Увидев белый «мерседес», он остановился, чтобы на досуге поразглядеть его. Это была новейшая модель, 220Е, с инжекторным двигателем: прекрасная машина! Однако, он уже видел их раньше. Внимание его привлекала скорее окраска. В Голландии белыми машинами не обзаводятся. Немцы или французы, у них часто бывают белые машины, но, как известно, в Голландии каждому, все немцы вульгарны, и все французы легкомысленны. Маленькая машина может, пожалуй, быть красного или желтого цвета, или даже оранжево-терракотового, — у вас дешевая машина, так что с вас спрашивать! Но большая машина — машина крупного дельца — должна быть черной или серой, ну, в крайнем случае, темно-синей, хотя и на это смотрят неодобрительно. Все же остальное — просто неприлично!
Была и еще одна причина для того, чтобы уставиться на машину; и пока полицейский разглядывал ее и размышлял, перекатывая свои мысли, как жевательную резинку, он и решил, что надо действовать.

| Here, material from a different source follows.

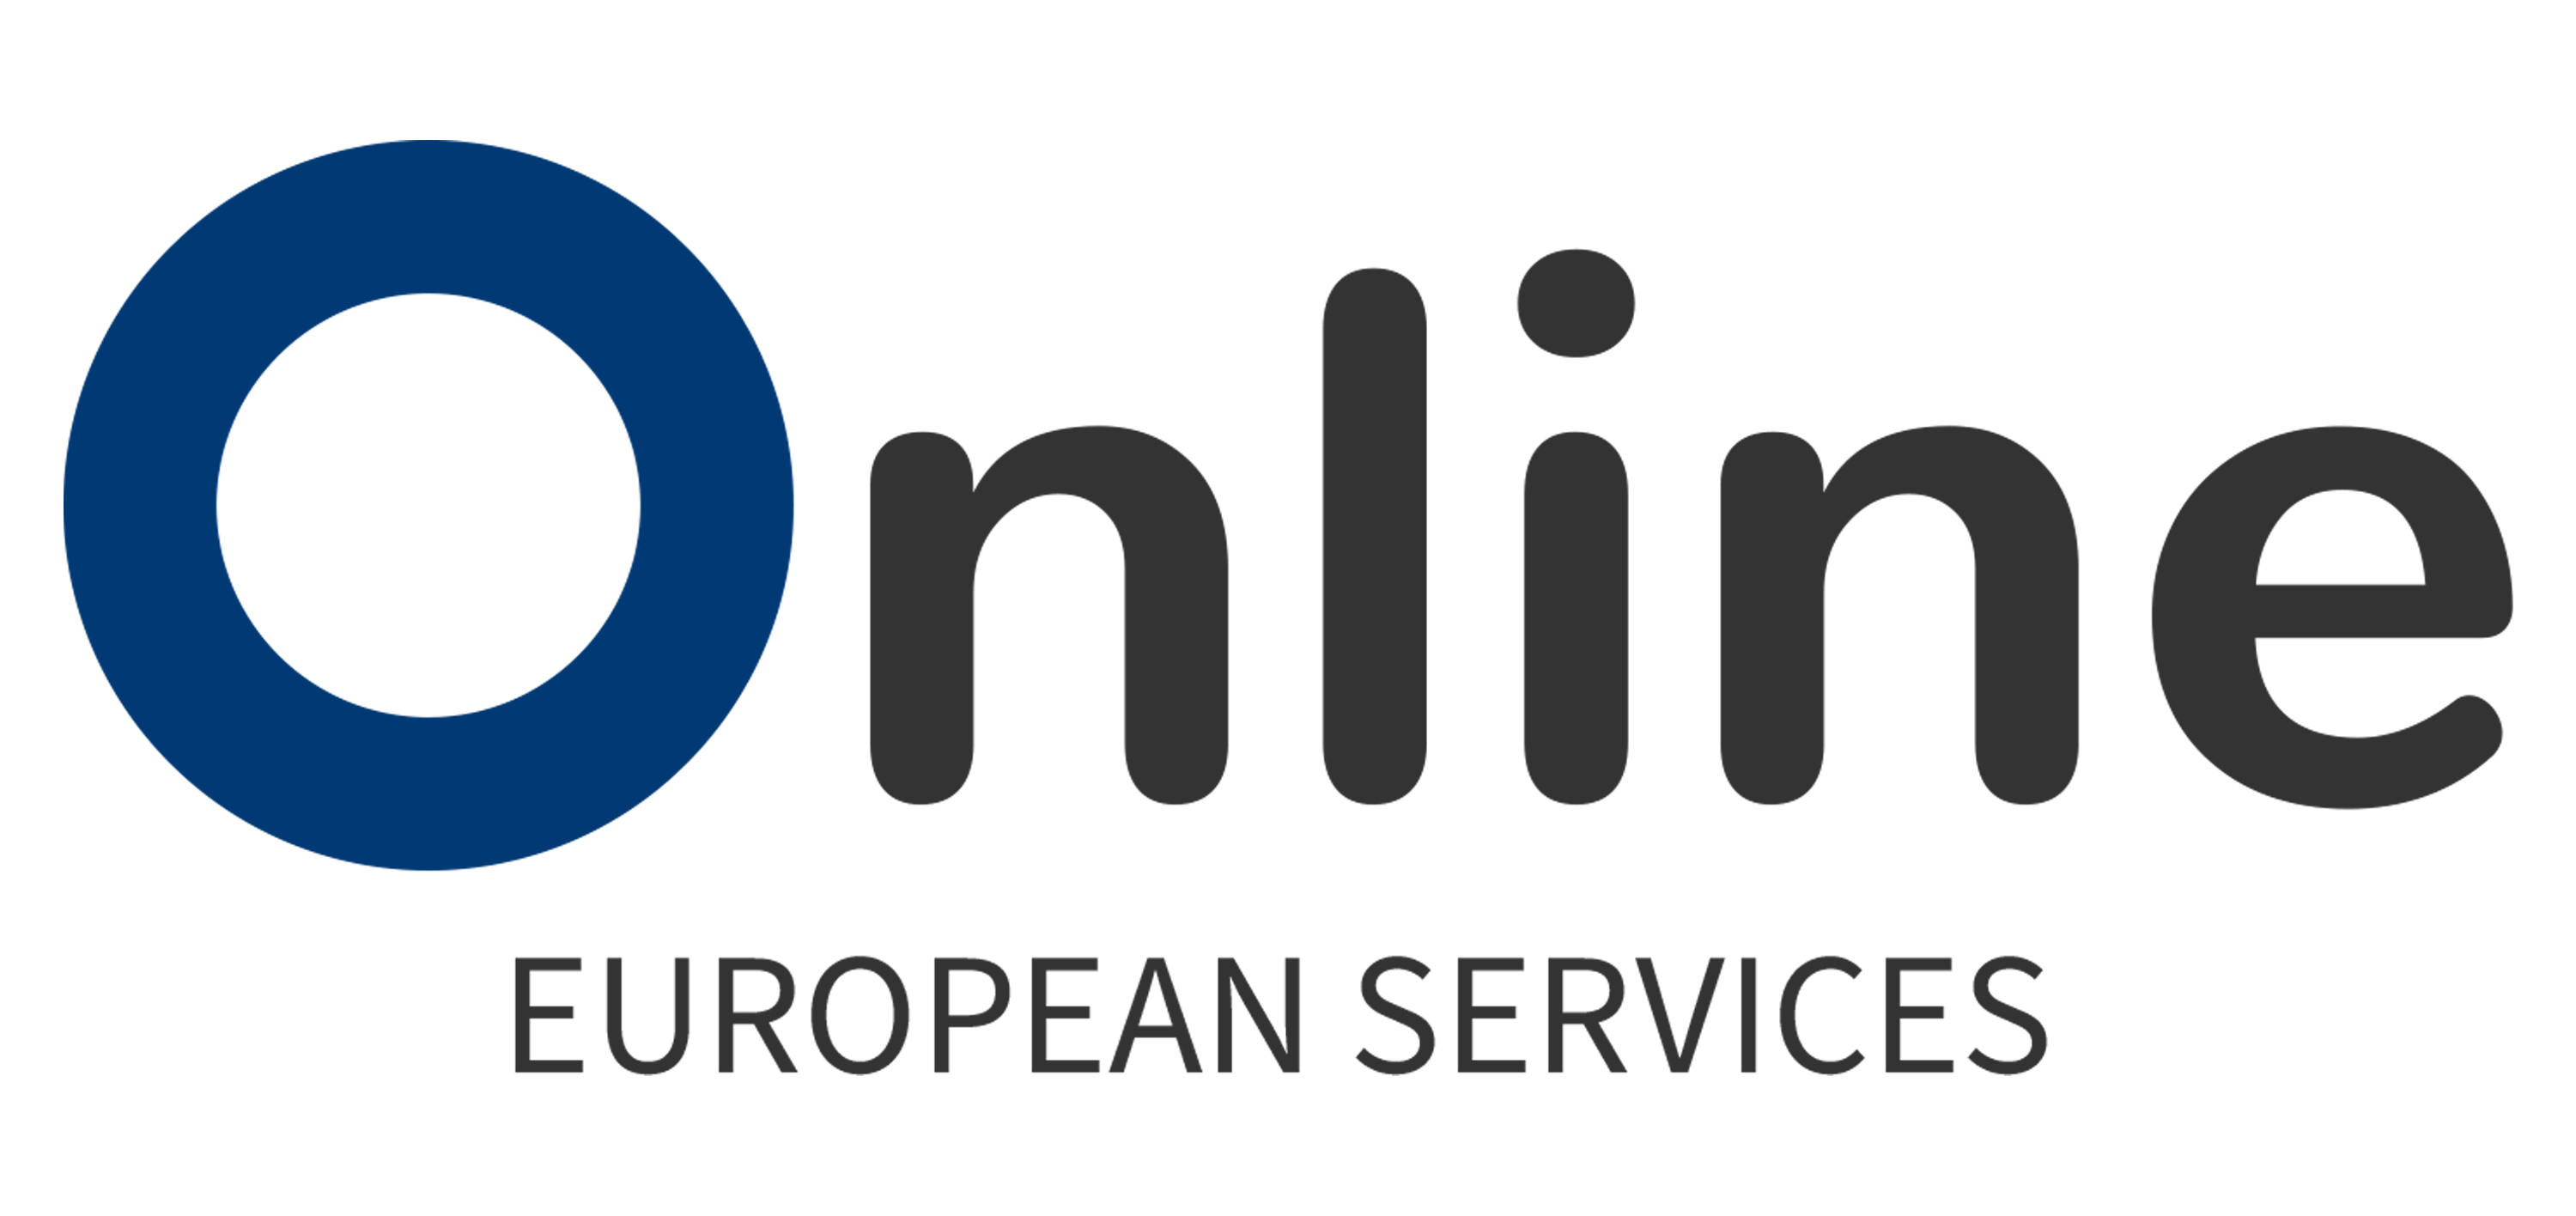 Online European Services

Аполлолаан — тихая широкая улица, на которой стоят тихие богатые дома. Посередине улицы — широкий газон с деревьями и скамейками. Здесь можно спокойно поставить машину надолго. Если бы машина оказалась «фольксвагеном» или «ситроеном», или даже маленьким «фордиком», никто бы не обратил внимания на то, что она очень небрежно поставлена, как-то косяком, футах в трех от тротуара, с передними колесами, нахально глядящими в сторону мостовой. Но потому что это был белый «мерседес»-купе, самим своим существованием наносивший оскорбление голландской нравственности (ибо голландцы, подобно англичанам, видят нечто неприличное в открытых машинах), полицейский решил, что следует что-то предпринять. Возможно также, что нравственность его была не слишком задета, а ему просто захотелось нарушить однообразие своей жизни.